Va innanzitutto segnalata la contestualità spazio-temporale e l’unicità dell’intento politico che ha condotto al rimpatrio forzato: un’unica operazione in un’unica città, con un’operazione programmata verso un gruppo di migranti definiti per nazionalità, come rilevano le dichiarazioni di rappresentati istituzionali relative al bando di gara per il volo utilizzato per il rimpatrio.
Raggiunti in Sudan da una delegazione di avvocati ed europarlamentari, i cinque cittadini hanno fornito precise testimonianze che hanno permesso di presentare i ricorsi alla CEDU per chiedere l’accertamento dell’illegittimità del comportamento del Governo italiano ai sensi della Convenzione Europea dei Diritti dell’Uomo ed il risarcimento dei danni provocati.
Evidente la violazione del principio di non refoulement previsto dall’art. 3 della CEDU e dall’art. 19 del Dlgs 286/1998: il rimpatrio è avvenuto verso un paese che sottopone sistematicamente i propri cittadini a trattamenti inumani e degradanti, soprattutto se provenienti dal Darfur. Innumerevoli rapporti di organizzazioni umanitarie sono a disposizione del Governo che non poteva non averne consapevolezza. Violato anche il divieto di espulsioni collettive, definito dall’art. 4 del quarto protocollo alla Convenzione data la dinamica dei fatti che ha visto il rintraccio e la successiva espulsione di un gruppo di cittadini della medesima nazionalità, un’azione a carattere discriminatorio basata su specifici accordi con lo Stato di origine dei migranti, come successivamente rivendicato pubblicamente dal Ministro dell’interno italiano.
Non vi è stata alcuna possibilità da parte dei migranti di poter agire contro l’espulsione: da un lato le rapidissime procedure adottate hanno compromesso il diritto all’informazione sul diritto d’asilo e il diritto a un esame individuale delle domande, violando anche gli obblighi derivanti dalla Direttiva europea 32/2013/UE. Dall’altro non è stato consegnato alcun atto impugnabile dai parte dei cittadini sudanesi per contrastare il successivo rimpatrio davanti ad un giudice nazionale. Azione che sarebbe stata comunque resa ardua dalla celerità degli eventi.

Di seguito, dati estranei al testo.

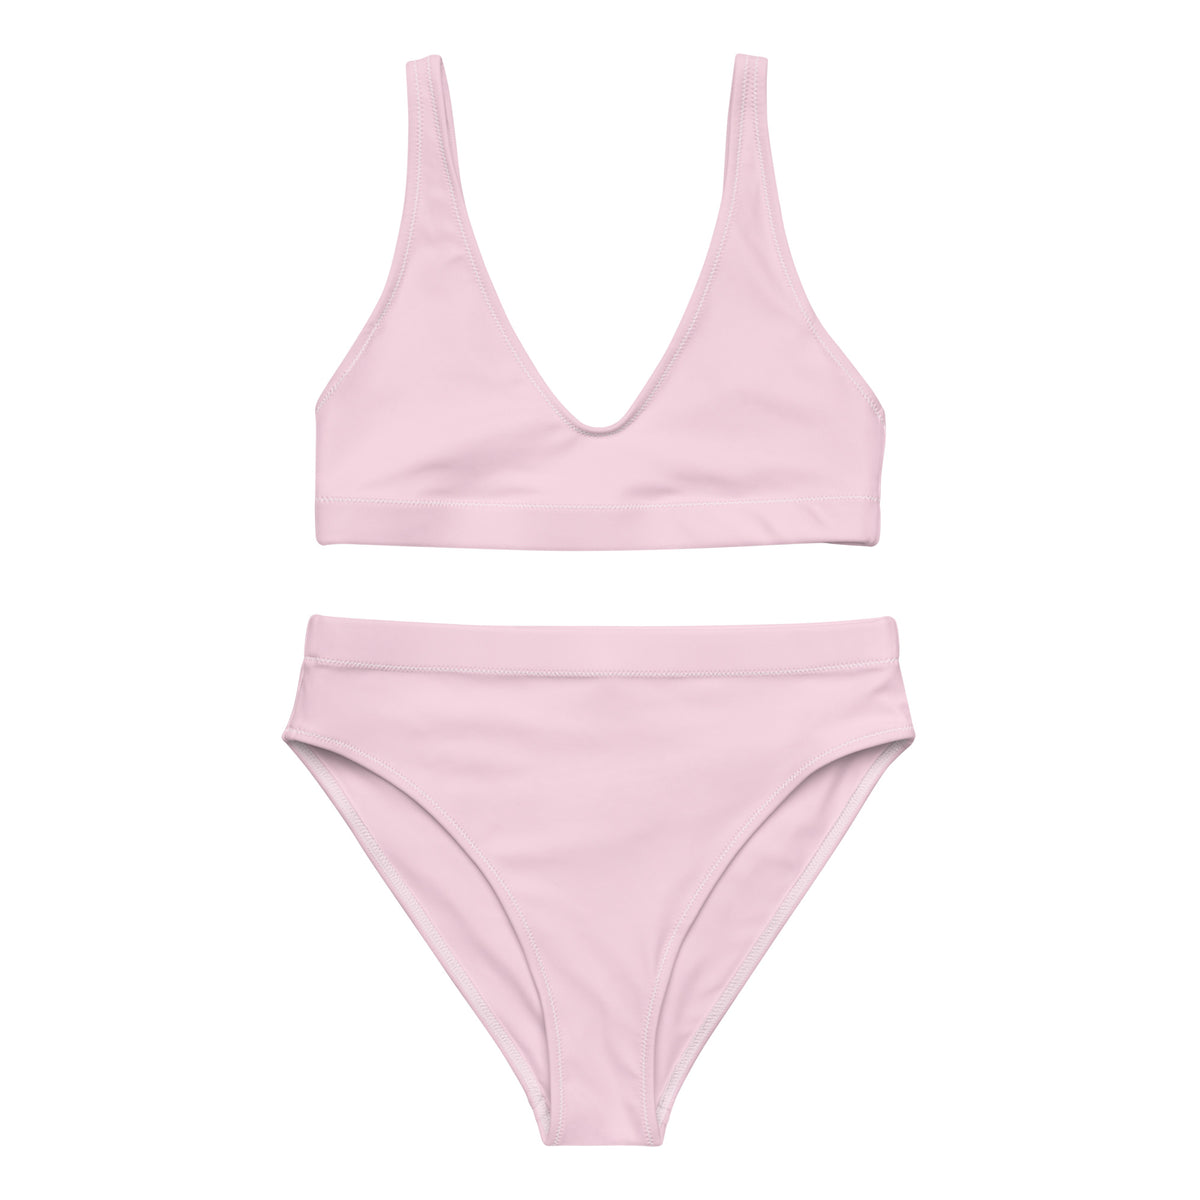 Pig Pink Upstormed High-Waisted Bikini

Ora il Governo italiano deve rispondere alle domande poste dalla Corte Europea per i Diritti Umani, con osservazioni scritte, entro il 30 marzo 2018.
Va sottolineata l’importanza dell’azione concertata tra avvocati, parlamentari, esponenti della società civile, che ha portato a questi risultati: dopo quei fatti non vi sono state più operazioni di rimpatrio collettivo ai danni dei cittadini sudanesi dall’Italia.